Percentage of consensus sites does not change with increasing reads. Different numbers of uniquely mapped reads were isolated randomly from the total number of uniquely mapped reads in the HA ER E2F1 merged WT ChIP-seq data sets. The number of significant peaks in each set of these randomly selected mapped reads is shown by the line labeled “called peaks”; the corresponding scale for this plot is shown on the left y axis. The number of consensus sites within each set of called peaks is plotted as a percentage of all the peaks in that set (and labeled as “consensus site”); the corresponding scale for the “consensus site” plot is shown on the right y axis.

FIGURE 4.

FIGURE 4.

The consensus motif is not near the center of the binding site for most E2F1 consensus-containing peaks. A, 1337 E2F consensus motif-containing peaks were identified from the top 10,000 ranked peaks of the E2F1 WT merged data set. The distance of the E2F consensus motif relative to the center of the corresponding peak is plotted along the x axis (using a bin size of 50 nt). The y axis indicates the number of consensus motifs found in each bin. The E2F consensus motifs identified within ± 50 nt from the center of a peak is highlighted in gray. B, the functional annotations of the 1337 E2F consensus motif-containing targets were determined using the program Database for Annotation, Visualization, and Integrated Discovery (74). The percentage of the E2F consensus targets represented by the different functional categories is indicated on the x axis, and the p value for each identified category is shown on the right side of the graph.

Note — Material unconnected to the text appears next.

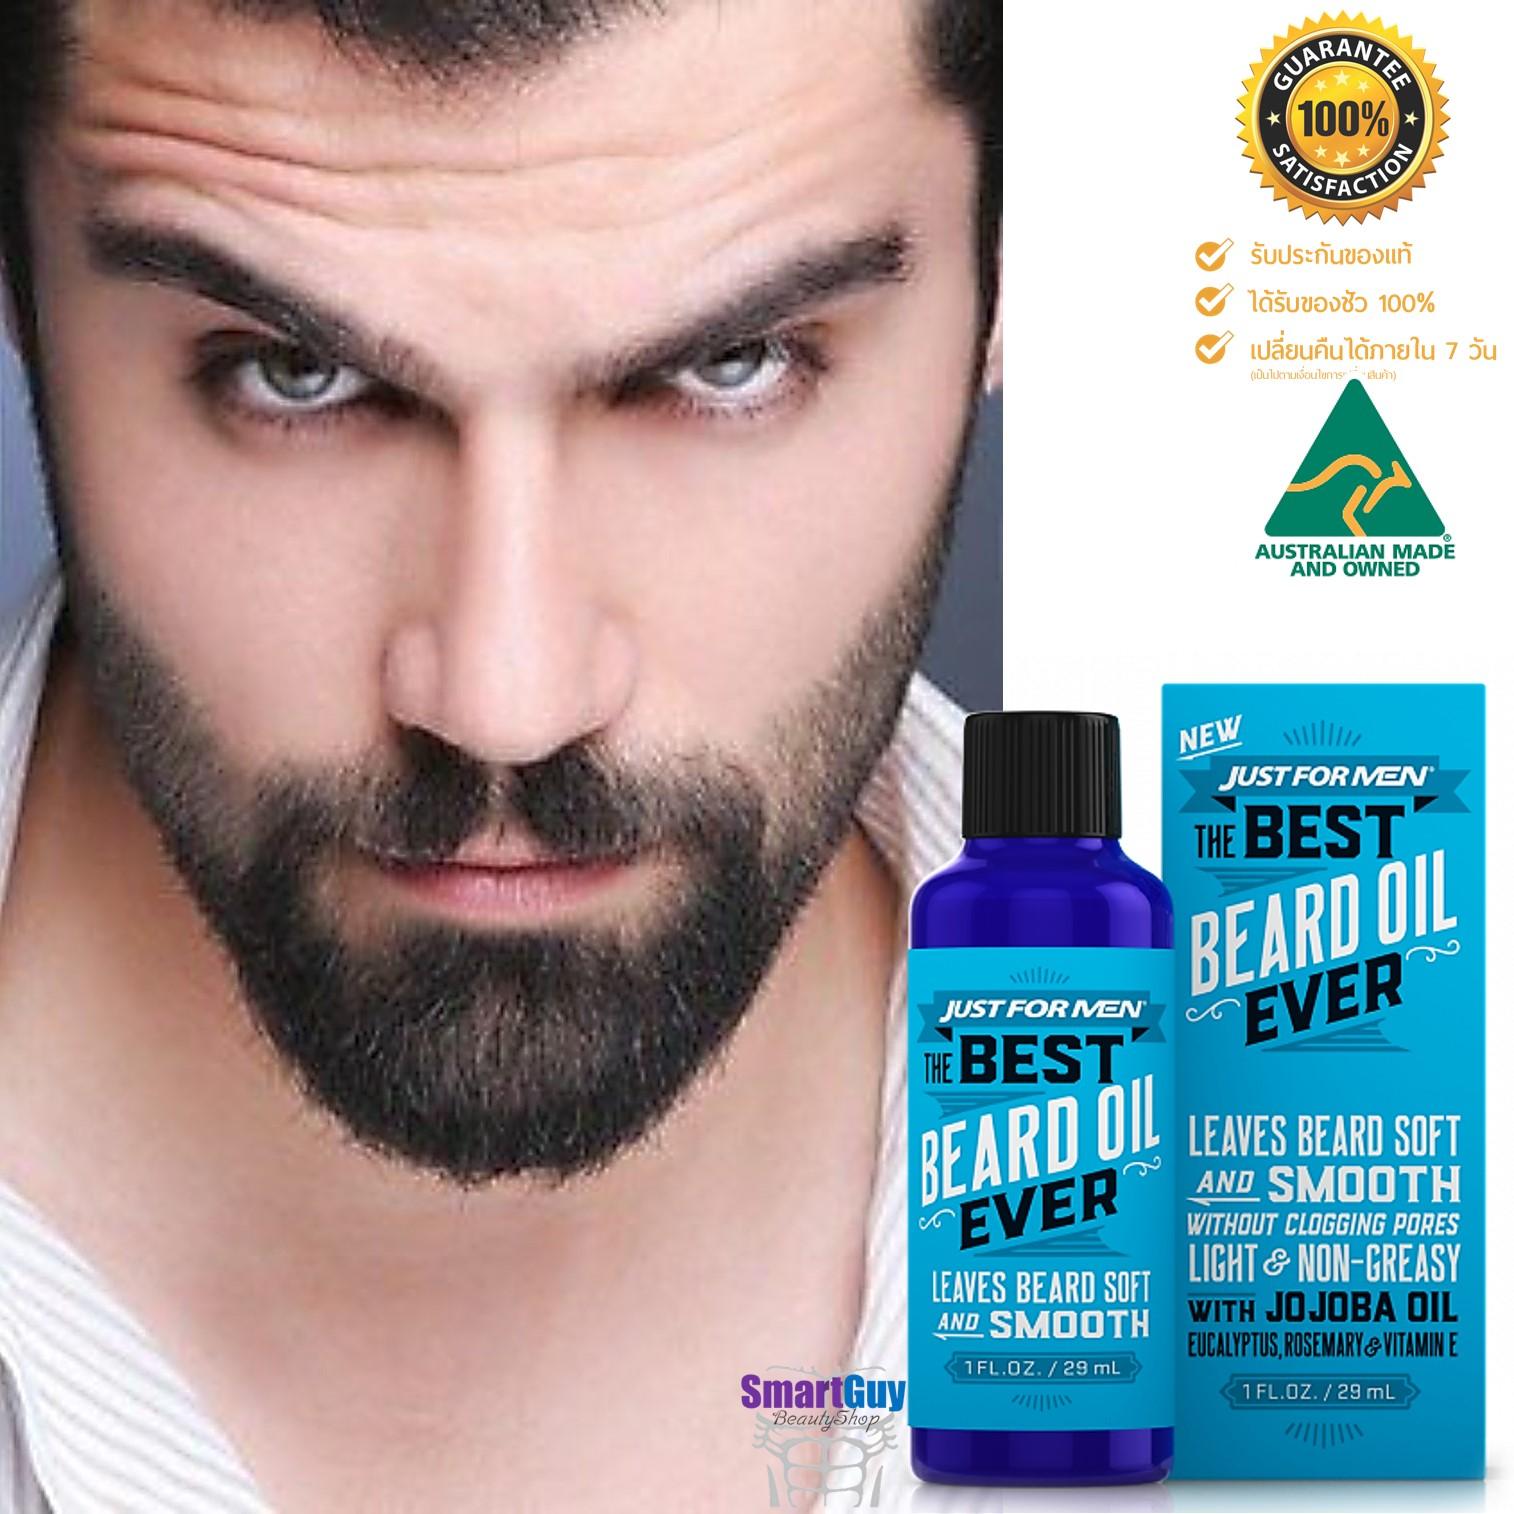 Just For Men Our Best Beard Oil Ever 30ml. ผลิตภัณฑ์บำรุง หนวด เครา จอน ให้แข็งแรงนุ่มลื่นเงางามเป็นธรรมชาติ สินค้านำเข้าของแท้จากประเทศออสเตรเลีย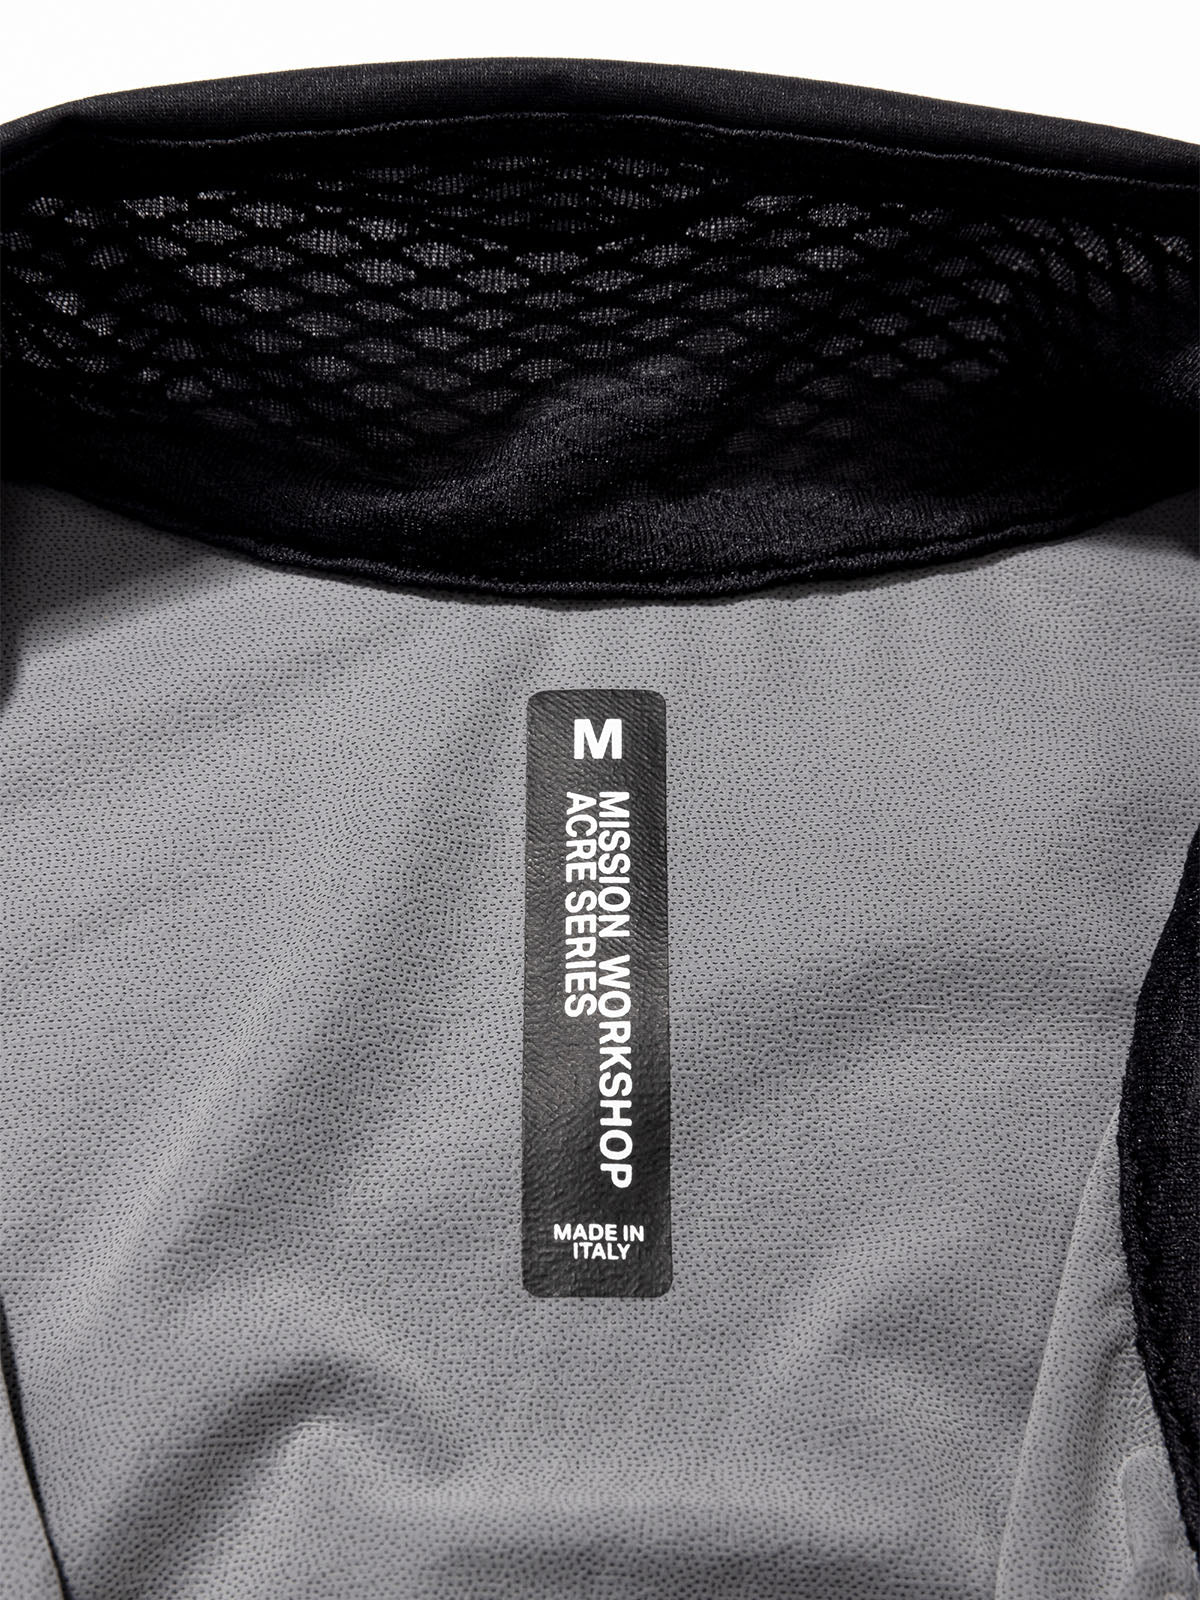 Altosphere Vest by Mission Workshop - Säänkestävät laukut ja tekniset vaatteet - San Francisco & Los Angeles - Rakennettu kestämään - ikuinen takuu

We next performed a de novo motif analysis using our W-ChIPmotifs program (69). First, we eliminated the consensus-containing peaks from the top 10,000 peak set, producing a set of ∼8,800 peaks for the de novo motif analysis. Then, we selected the top 1000 promoters, the middle 1000 promoters, and the bottom 1000 promoters from this ranked list of nonconsensus-containing E2F1 binding sites for our de novo motif analyses. We chose only the 50 nucleotides on either side of the center of the ChIP-seq peak to eliminate common core promoter elements that are not directly responsible for E2F1 recruitment. The motif CGCGC was identified as a predominant motif in all three peak sets (supplemental Files S2–S4). In fact, ∼70% of the peaks in the top half of the ranked list contained at least one CGCGC motif (Table 3). However, the percentage of sites containing CGCGC does decline as the position of the peaks falls lower in the ranked set of E2F1 binding sites, with only 46% of the bottom 1000 ranked E2F1 peaks containing CGCGC. Analysis of a set of 1000 randomly selected promoters revealed that 70% contained a match to the CGCGC motif.

TABLE 3.

De novo motif analysis of E2F1 peaks

The top 10,000 ranked peaks for the merged E2F1 wild type ChIP-seq replicates were searched for the E2F1 consensus motif (TTTSSCGC, where S can be a C or a G). The E2F1 peaks were further subdivided into a set of the top 1,000 peaks, a set of peaks ranked 5,000–6,000, and a set of peaks ranked 9,000–10,000. Next, the peaks containing a match to the E2F consensus motif were removed from each of the sets of 1,000 peaks, and the sequence +/− 50 bp from the center of the remaining peaks was then analyzed for the presence of a de novo motif using ChIPMotifs. The most prevalent motif identified in each set was CGCGC (see supplemental Figs. S2–S4). The percentage of peaks containing the de novo motif CGCGC is indicated for each set of 1,000 peaks and for a set of 1,000 randomly chosen promoters. The percentage of peaks containing the E2F consensus motif within each of the sets is also indicated. N.A., not analyzed.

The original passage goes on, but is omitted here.